Obviously, if the second part is well done, then the third part is easy to learn through pattern matching or machine learning (such as Mnist).

However, contour detection is very challenging for generalization. It requires a lot of manual fine-tuning and therefore becomes infeasible in most problems. For example, let’s apply a simple computer vision script to some images from the SVHN dataset. We may get good results when we first try:

But when the characters get close to each other, things start to fall apart:

The problem I find hard to solve is that when you start messing around with parameters, you can reduce such errors, but unfortunately lead to other errors. In other words, if your task isn’t simple, these approaches won’t work.

2. Specialized deep learning methods

Most successful deep learning approaches are excellent in terms of generality. However, given the above attributes, private networks can be very useful.

I’ll examine detailed examples of some of the main methods here and give a very brief summary of the articles that provide them. As usual, each article begins with “Task X (text recognition) recently raised concerns” and goes on to describe its approach in detail. A careful reading of the article will reveal that these methods have been combined from previous deep learning/text recognition work.

The results are also described in detail, but practical comparisons are not possible due to many design differences, including subtle differences in the data set. The only way to really know how these methods perform on your task is to take their code (worst of all: find formal repurchase agreements, find informal but highly rated repurchase agreements, and implement them yourself) and try them out on your data.

Therefore, we will always prefer articles with good repurchase agreements, and even demos if possible.

Ten, EAST

EAST (Efficient and Accurate Scene Text Detector) is a simple and powerful text detection method. Use a dedicated network.

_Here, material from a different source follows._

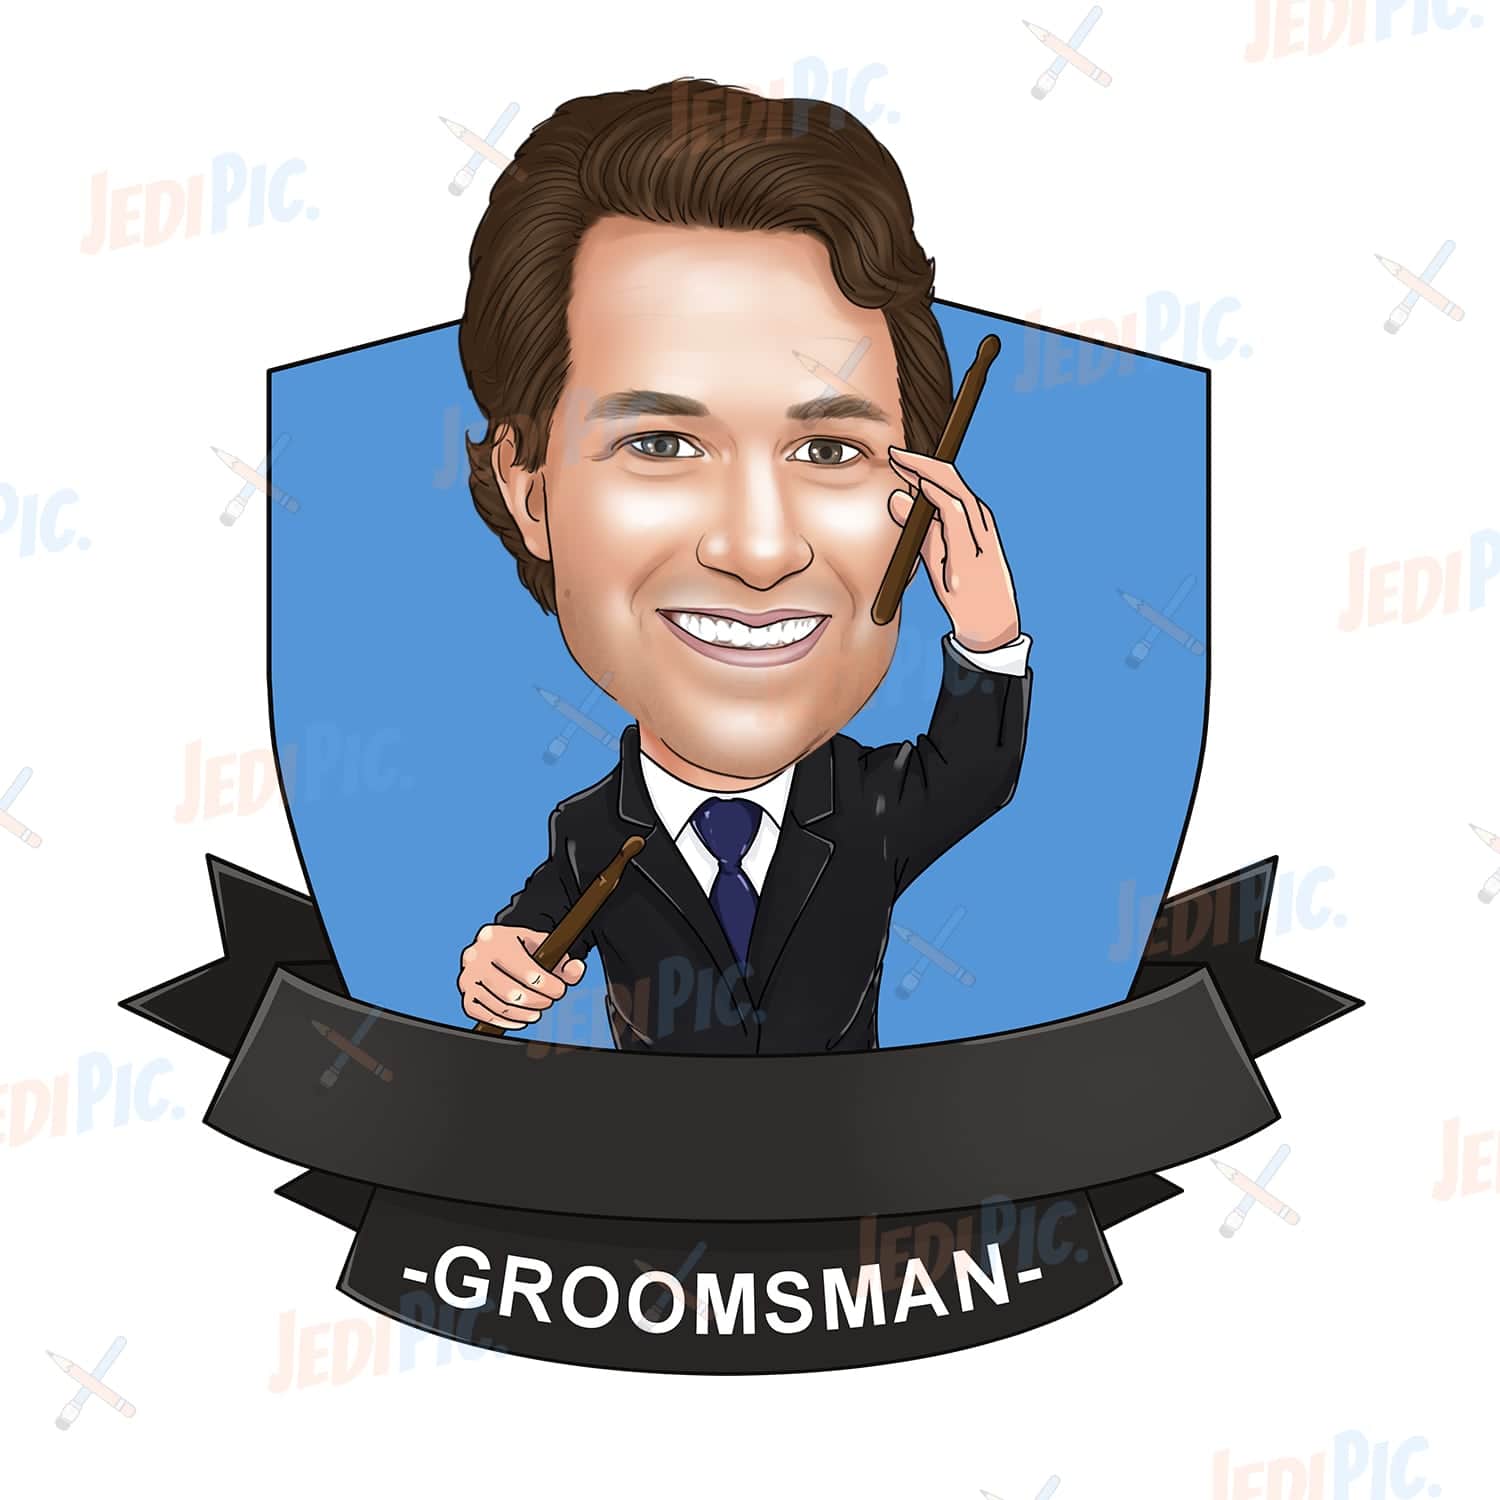 Groomsmen Cartoon Portrait in Suit
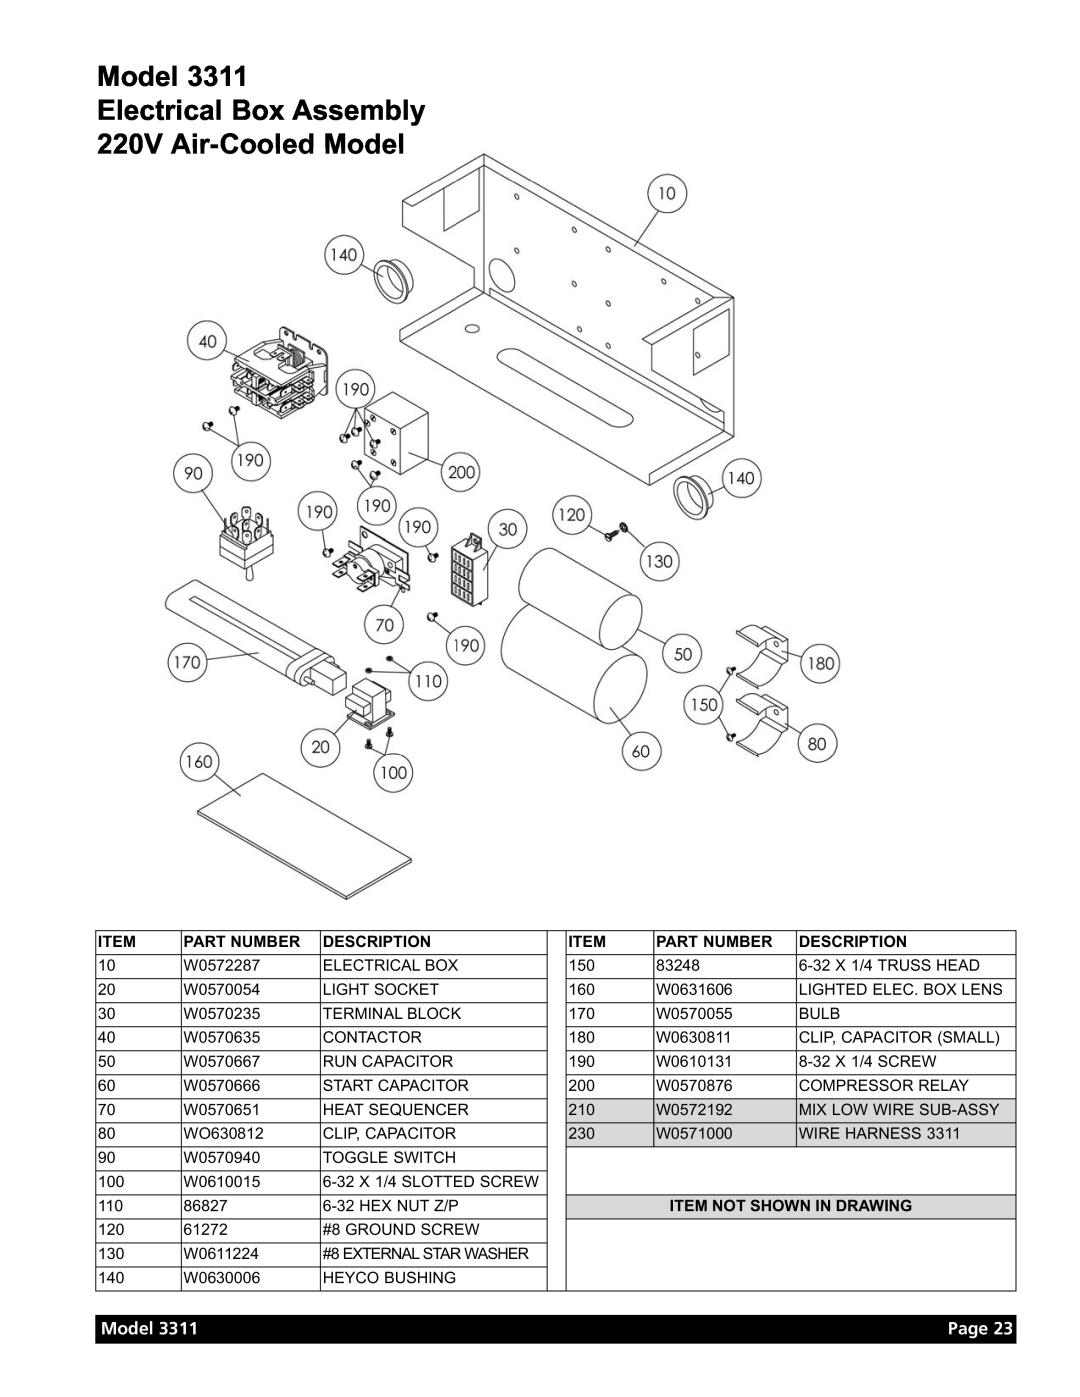 Grindmaster Model 3311 manual Model Electrical Box Assembly 220V Air-Cooled Model, Page, Part Number, Description

Unlike the other methods we will discuss, it is limited to text detection (rather than actual identification), but its robustness is worth mentioning.

Another advantage is that it has also been added to the Open-CV library (starting with version 4), so you can use it easily (see the tutorial here).

www.pyimagesearch.com/2018/08/20/…

The network is actually a version of the well-known U-NET that can be used to detect features that may vary in size. The basic feedforward “stem” of the network (as described in this article, see figure below) may be very — PVANet is used in this article, but the OpencV implementation uses Resnet. Obviously, it can also be pre-trained (using Imagenet, for example). As in U-NET, features are extracted from different levels of the network.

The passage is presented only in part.